● **SOURCE DATA**
##########
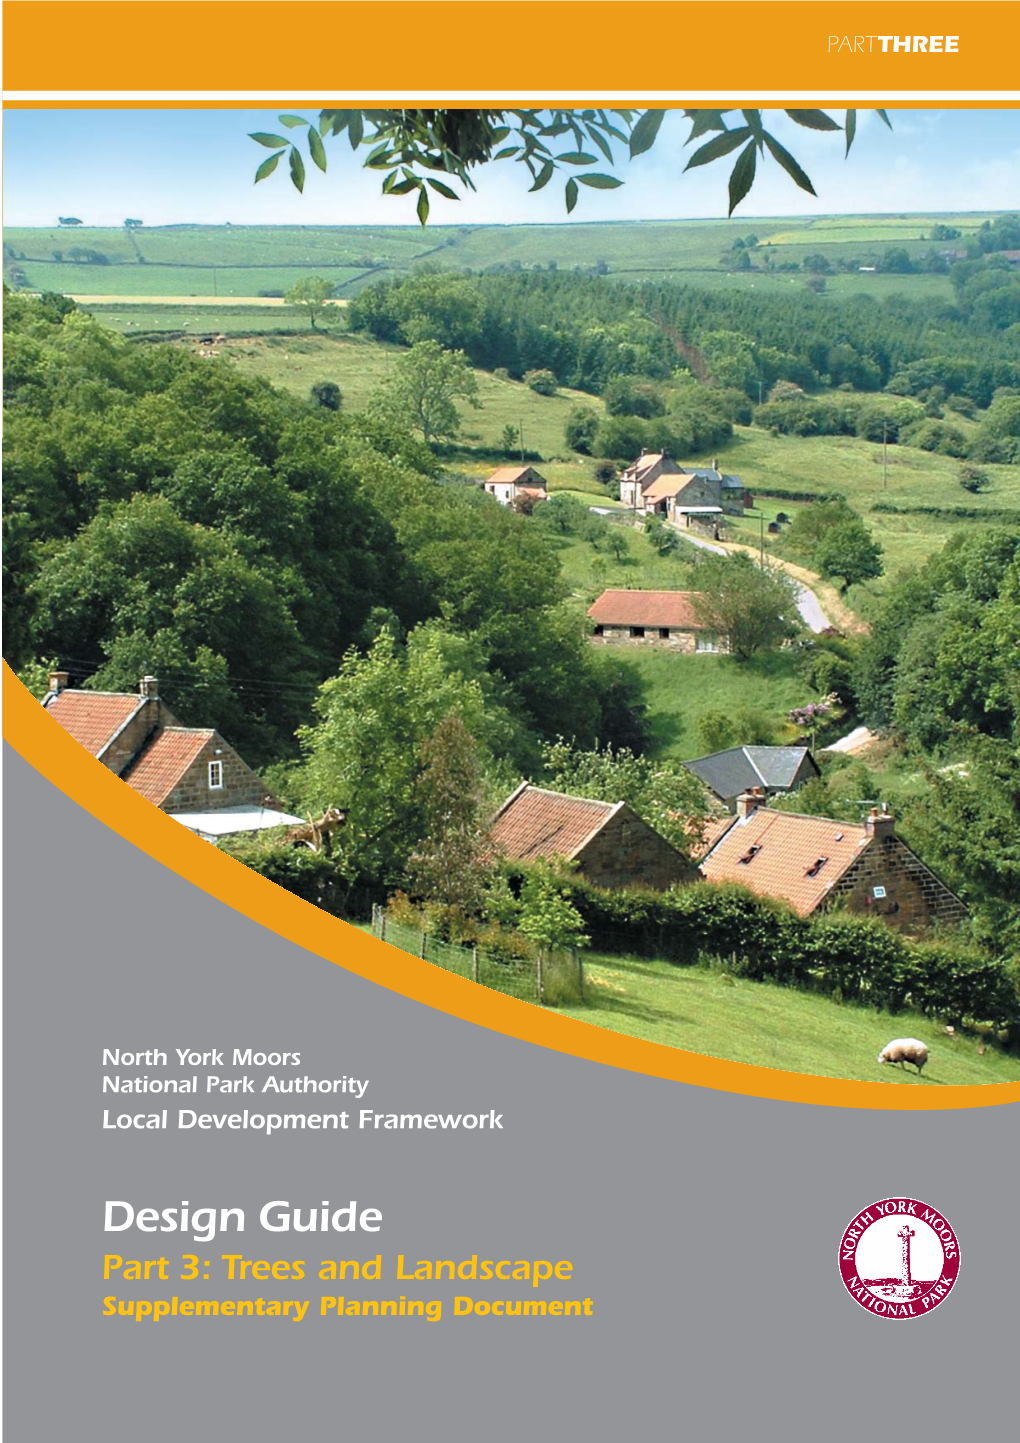 Design Guide 3 Cover 12/22/09 8:32 PM Page 1
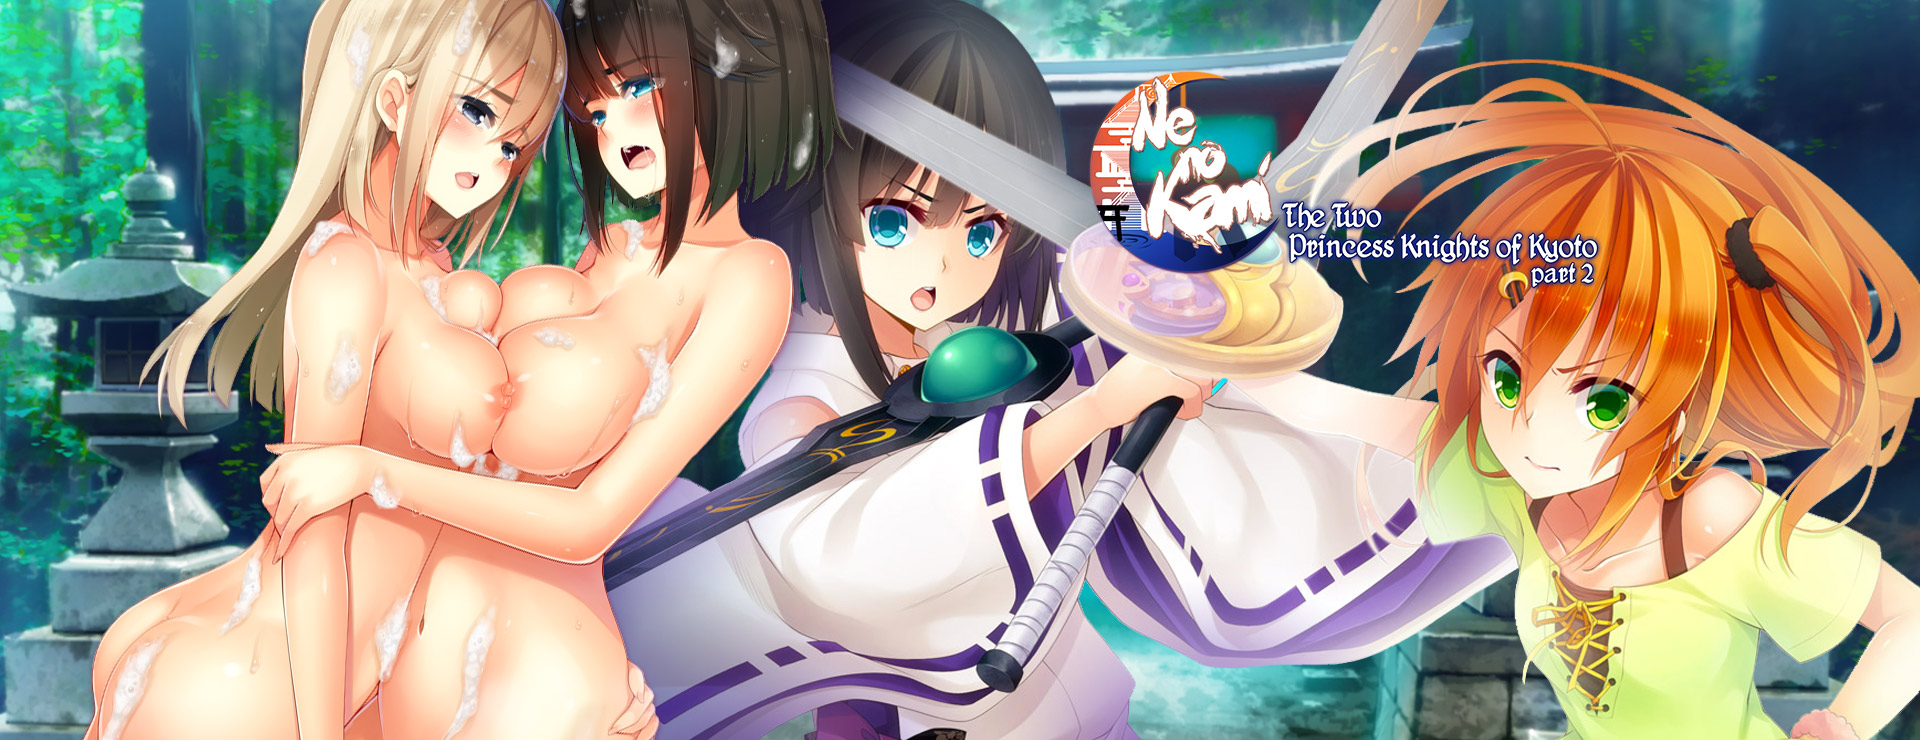 Ne No Kami - The Two Princess Knight of Kyoto Part 2 - Visual Novel Game
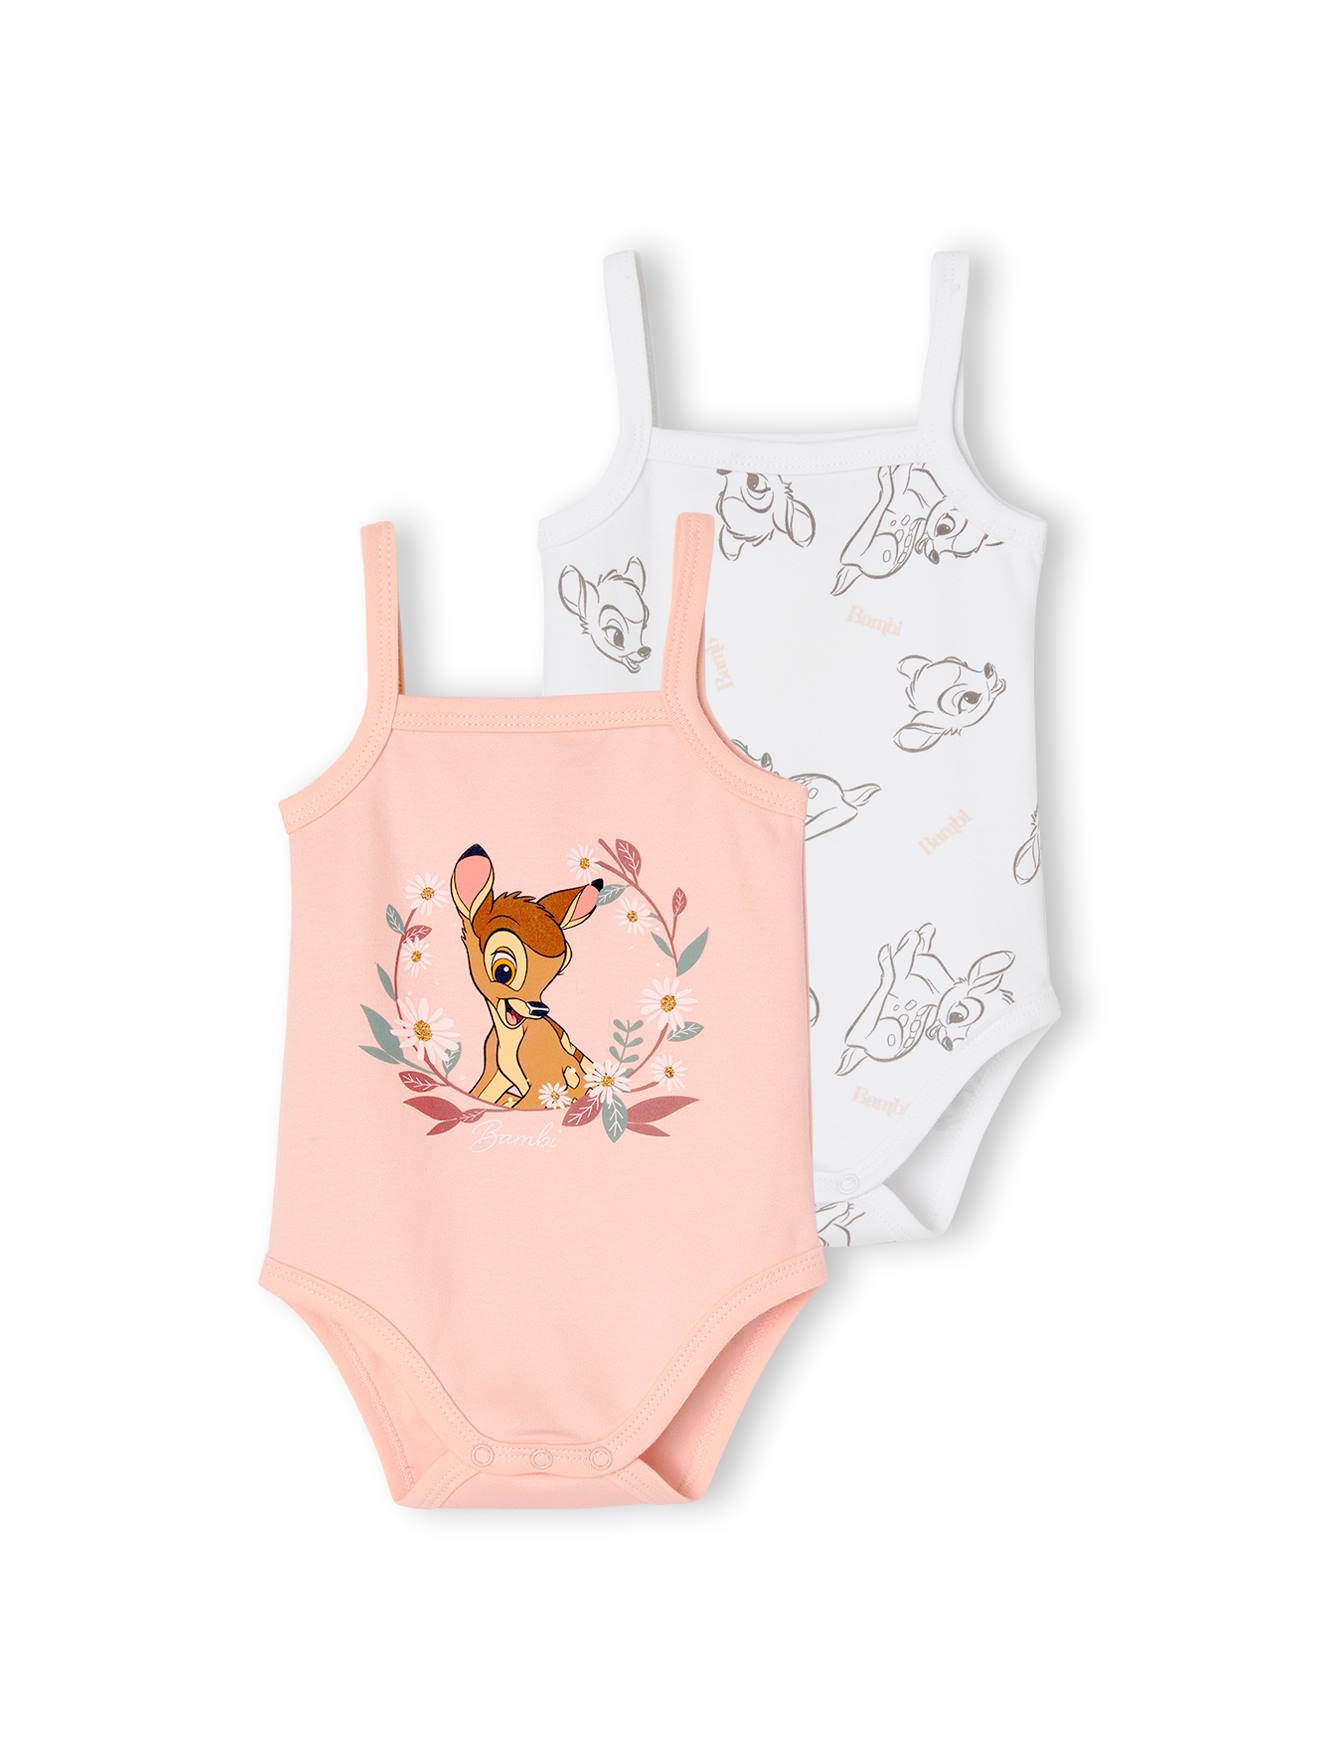 https://media.vertbaudet.com/Pictures/vertbaudet/257800/pack-of-2-bambi-by-disney-bodysuits-for-babies.jpg
##########
● **ABOUT THIS EXERCISE**
Only the listing above, set down exactly and without pictures, belongs in the answer.

● **TASK RESPONSE**
 Design Guide 3 Cover 12/22/09 8:32 PM Page 1
 Ne No Kami - The Two Princess Knight of Kyoto Part 2 - Visual Novel Game
 https://media.vertbaudet.com/Pictures/vertbaudet/257800/pack-of-2-bambi-by-disney-bodysuits-for-babies.jpg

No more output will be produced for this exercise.